The percentage of people who must be vaccinated against COVID-19 in order for the general population to attain herd immunity and for this long and tiresome pandemic to end is unknown.

Health experts say the number varies from disease to disease. The World Health Organization, for example, notes that the figure is 95% for the measles, while it was only 80% for polio. Herd immunity is reached when a disease no longer can spread from person to person because enough people are protected. When this happens, vulnerable people who, for health reasons or because of age, cannot be vaccinated are protected, as well.

But the WHO and other medical organizations say not enough is known about COVID-19 to predict how many need to get one of the vaccines that have been approved for distribution.

All we know is that everyone who can obtain one should. It’s less a matter of personal choice and more a matter of one’s duty to his or her neighbors.

The First Presidency of The Church of Jesus Christ of Latter-Day Saints and all members of the Quorum of the Twelve over the age of 70 received their first dose of vaccine earlier this week. That set a powerful example for anyone who might be wavering. The church spends a great deal of money each year helping to administer vaccinations of all kinds through developing nations.

GAVI, an international vaccine alliance, lauds LDS Charities for supporting “immunization as a major humanitarian initiative,” according to its website. The church has contributed millions toward this effort. It understands the value of herd immunity.

Its example ought to put people at ease in Utah and elsewhere.
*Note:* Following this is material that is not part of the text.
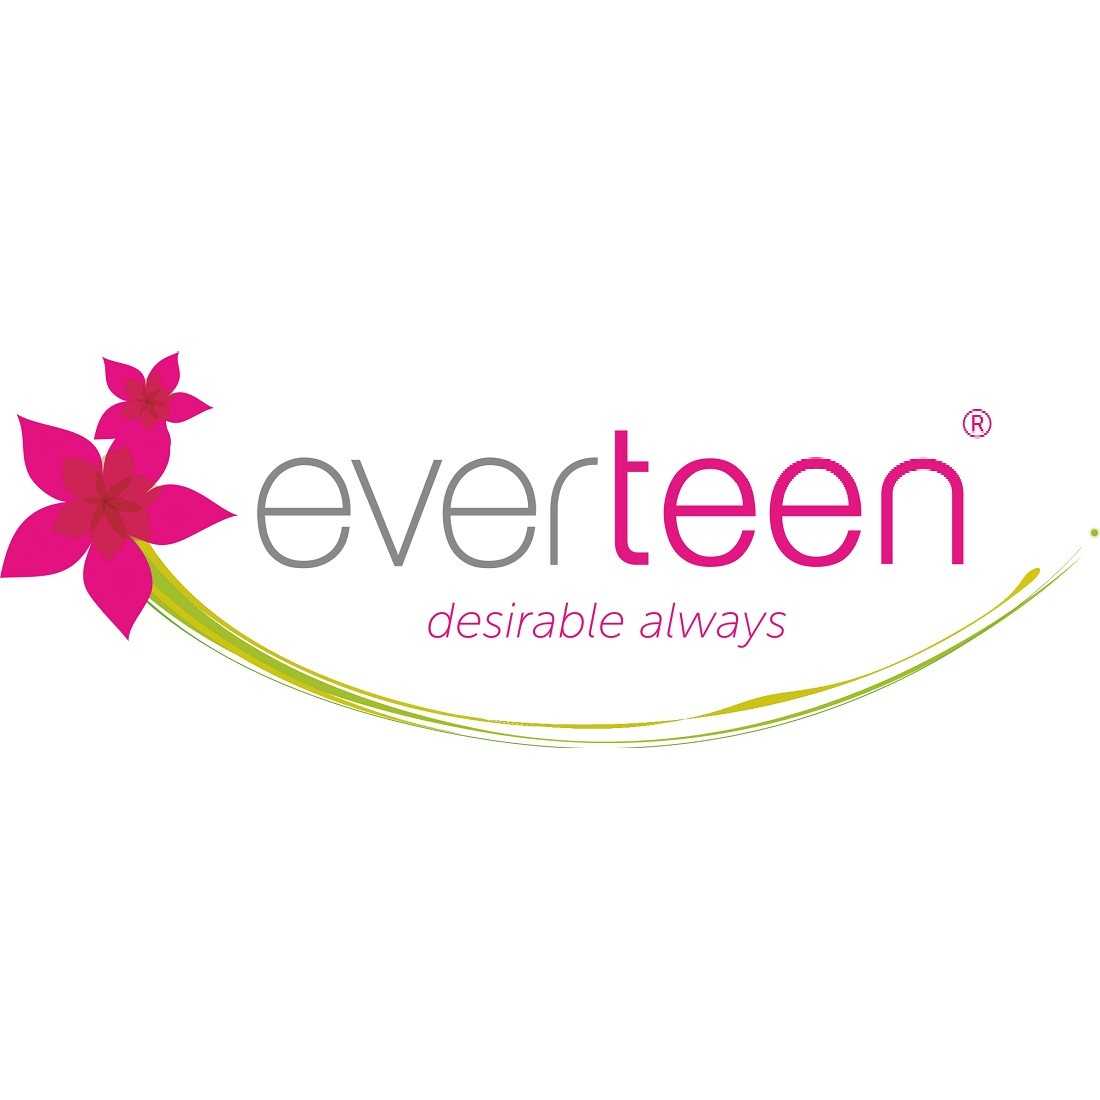 everteen Menstrual Cup Cleanser With Plants-Based Formula for Women - everteen
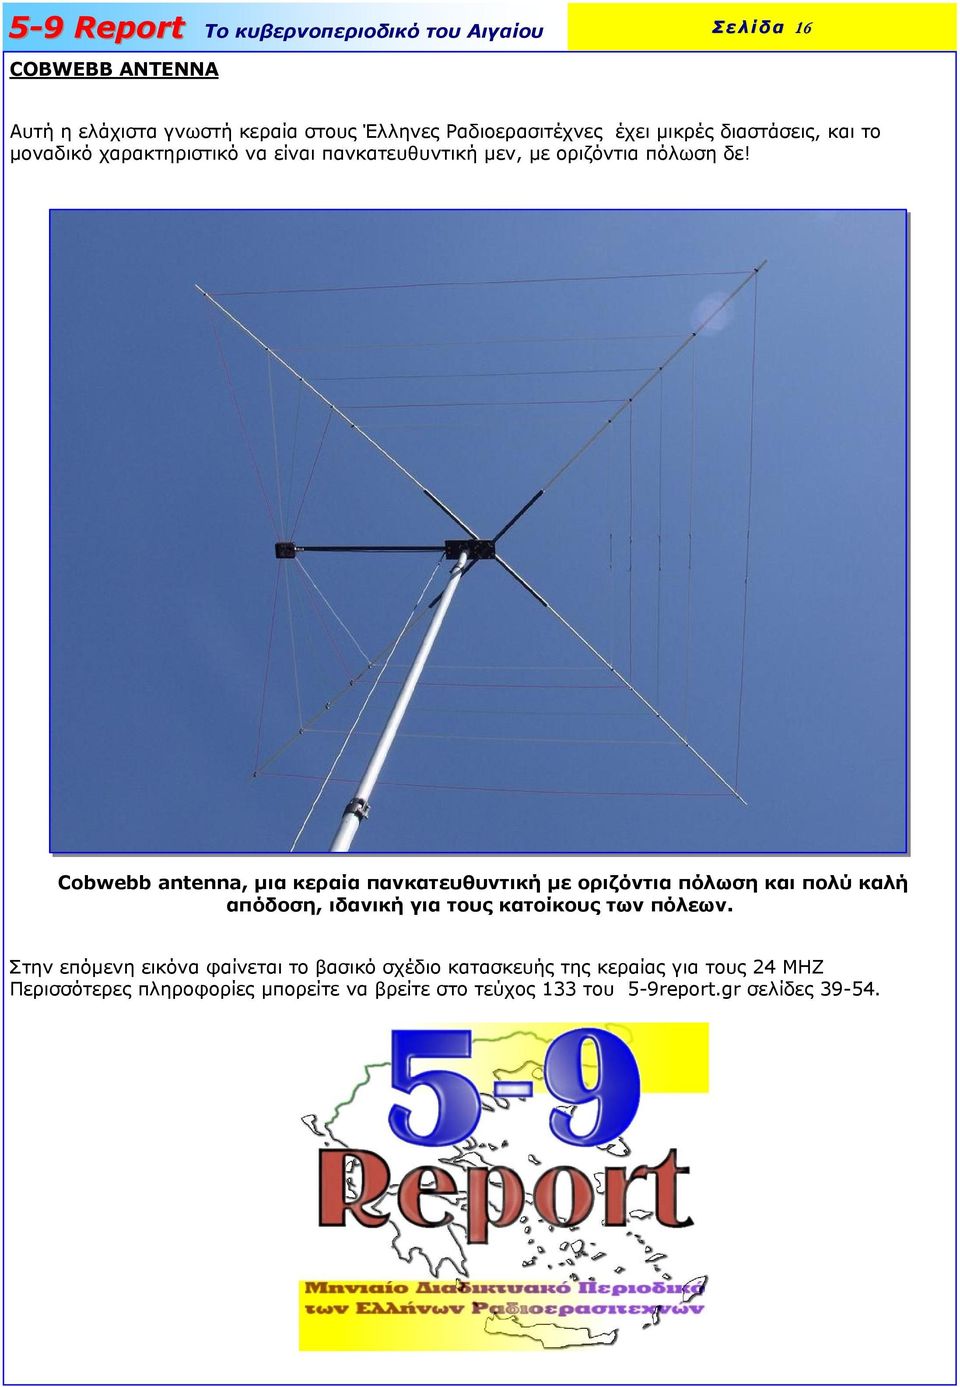 Cobwebb antenna, µια κεραία πανκατευθυντική µε οριζόντια πόλωση και πολύ καλή απόδοση, ιδανική για τους κατοίκους των πόλεων.

Fortunately, there is evidence that average people are beginning to understand the importance of receiving a vaccine. A newly published opinion poll conducted for the Deseret News and the Hinckley Institute of Politics by Scott Rasmussen found 67% of people in Utah saying they intend to receive shots. That’s up from 52% in a similar poll in September. The Pew Research Center found 60% intending to receive them nationwide, in a survey taken just before the FDA approved vaccines for general use.

That’s not likely to be enough, but the trend is promising. Back in September, 24% in Utah answered that they would not receive the vaccine. That number is now 21%. Opinions are malleable and minds can be changed.

We understand some of the initial reluctance was grounded in political mistrust connected with the recent election. But that has now passed, and so should concerns that vaccines would be rushed through approval processes to win votes. The vaccines currently in use have been approved and are effective, but they will end the pandemic only if enough people willingly submit to them.

The most recent Deseret News/Hinckley poll also demonstrates how much of an impact the pandemic has had on Utahns. Back in August, 41% said they were comfortable going out in public without a mask. Now, in January, 87% say they wear one whenever they leave the house.

More sobering, back in late March a similar poll found only 6% in Utah who said they had close friends or family members diagnosed with the virus. Now, the figure is 94%. Of those surveyed, 17% said they personally know someone hospitalized with COVID-19, and 14% know someone who has died.

No longer do people need convincing that COVID-19 is real, not political fiction. No longer do they need to be persuaded that it is deadly, or that its long-lasting side effects can linger indefinitely.

To rid ourselves of it; to return to our workplaces, houses of worship, restaurants and other gathering spots; to once again enjoy social and sporting events; and to mingle freely with confidence, everyone who can should make arrangements to be vaccinated — when their turn comes in the orderly rollout. It’s a matter of civic duty.